Action by Reeves Auto Company against Louis Mellencamp for damages for conversion. From a judgment for plaintiff, defendant appealed.

Affirmed.

George W. Long, for appellant.

Rynerson & Shinn, for appellee.

OPINION

KIME, J.

This is an appeal from a judgment in appellee's favor in a suit brought by appellee against appellant for damages for the conversion of a tractor, governor, No. 12 Oliver plow, Bull-Dog jointer and a Moline two-row cultivator.

Upon the issues being joined by answer in general denial there was a trial by the court with a special finding of facts and conclusions of law thereon. Judgment was rendered on the conclusions of law. Appellant then filed a motion for new trial on the grounds, (1) that the decision of the court is not sustained by sufficient evidence, and (2) that the decision of the court is contrary to law. The motion for a new trial was overruled, and exceptions taken to each conclusion of law, all of which is assigned as error here.

Appellee's complaint is in two paragraphs and alleges that it is a corporation duly organized and existing by virtue of the laws of the state of Indiana, and that it is and was on the 15th day of March, 1928, duly authorized to buy and sell motor vehicles, tractors, farming implements, etc. It is also further alleged that on the 15th day of March, 1928, appellee entered into a conditional sales contract with one Sam Calvin, and there is no finding that he was a dealer, whereby it sold to said Calvin the above described tractor, etc., on condition that the title to said property should remain with appellee until all payments have been paid in full.

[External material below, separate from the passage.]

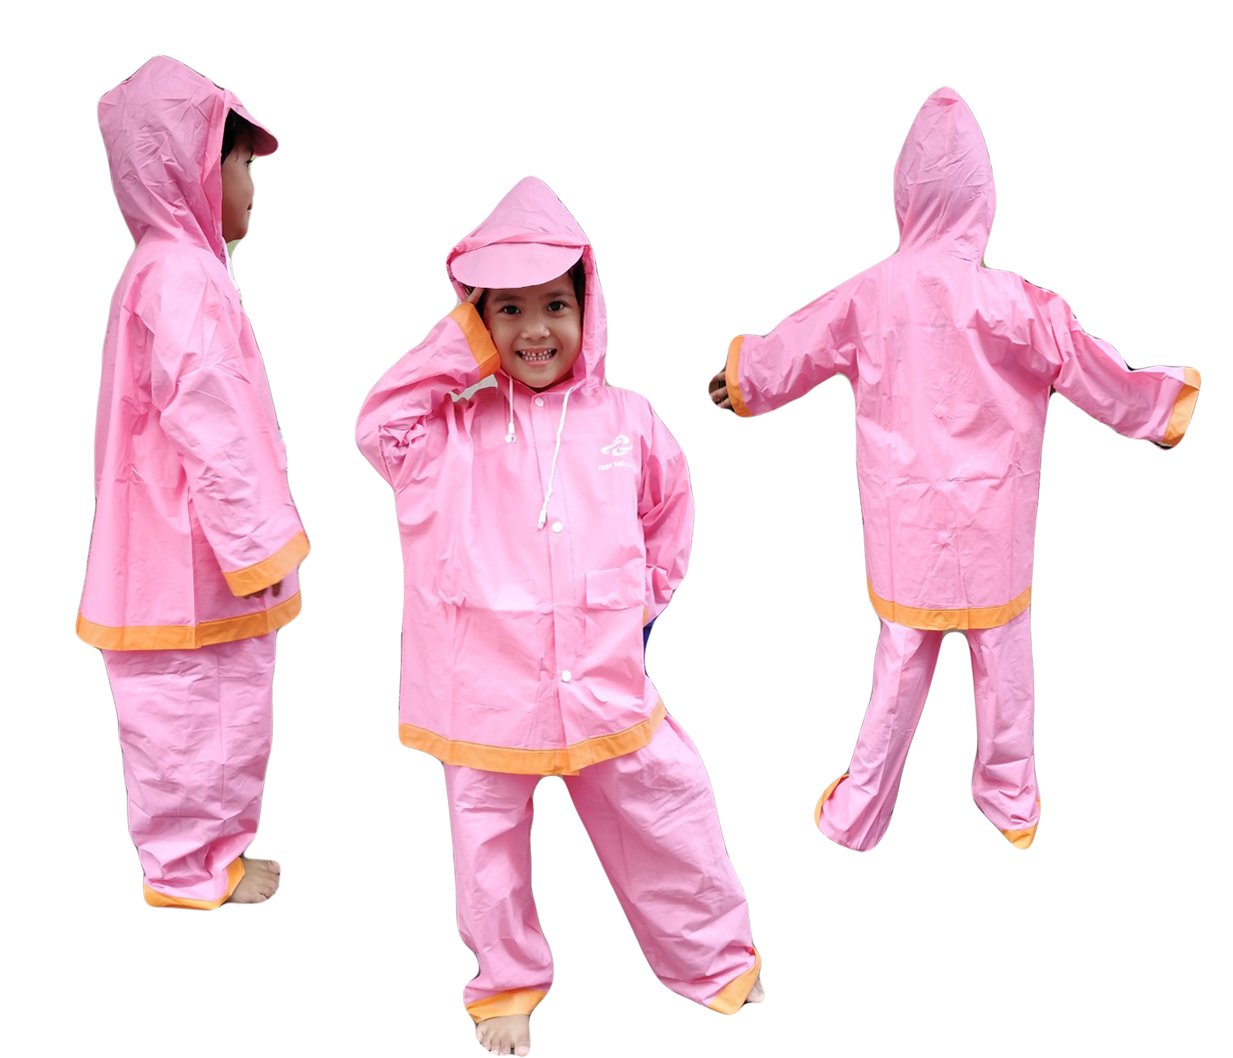 เสื้อกันฝนสำหรับเด็ก AS0066 Size 3 ผ้าหนา แยกส่วน เสื้อ และกางเกง พร้อมซองใส่ ใส่ได้ทั้งเด็กผู้ชายและเด็กผู้หญิง มีหลายสีให้เลือก

The title to said property did remain with appellee and the said Calvin failed to make the payments as required by said contract and failed and refused to carry out the terms of the agreement.

It is also alleged that the defendant, Louis Mellencamp, was formerly engaged in business with one Henry Westermeier under the firm name and style of Farmers Supply Company, and that after the execution of the conditional sales contract Mellencamp and Westermeier, doing business as Farmers Supply Company, negotiated with Calvin and purported to purchase the property heretofore described from Calvin; that the date of such transaction was unknown to appellee and that at the time of the negotiation by Mellencamp and Calvin the property heretofore described was delivered to Mellencamp and Westermeier, doing business as Farmers Supply Company, and that they sold and converted said property to their own use.

Appellee further averred that it did not have knowledge of such conversion until the 10th day of April, 1931, and that thereafter, on the 15th day of December, 1931, it made demand upon appellant for delivery of said property, which appellant refused to deliver and still refuses to deliver.

There was introduced into evidence appellee's exhibit No. 1 which is hereby set forth:

"Indiana Sales Contract

Order

Tractor

$ 561.28

Gov.

22.50

12" Oliver Plow

88.50

Bull Dog Jointer

26.50

Moline Cultivator 2 row

167.00

Total

$ 865.78

cr. by horses

140.00

$ 725.78

"To Reeves Auto Co., hereinafter called Seller, Columbus, Indiana.

"In consideration of the sum of one hundred forty dollars (140.00) paid you by the undersigned in cash herewith by the undersigned, and the further amount of Seven hundred twenty-five and 78/100 dollars ($ 725.78) to be paid as hereinafter specified, please deliver to the undersigned one Fordson automobile Tractor, gov., plow with jointer and cultivator; Model Letter or No , Motor No. 740098; factor Car No ; Body Style ; Capacity No. of Cylinders

"The undersigned agrees to make the deferred payments in accordance with the terms of certain promissory notes, of the date of this order, signed by the undersigned and made payable to you or your order, the face and date of payment of which will be as follows:

$ 292.89 due Dec. 15, 1928

$ due 192.

$ 432.89 due Sept. 1, 1929

$ due 192.

respectively, all of which bear interest at the rate of 7% per annum after date until paid.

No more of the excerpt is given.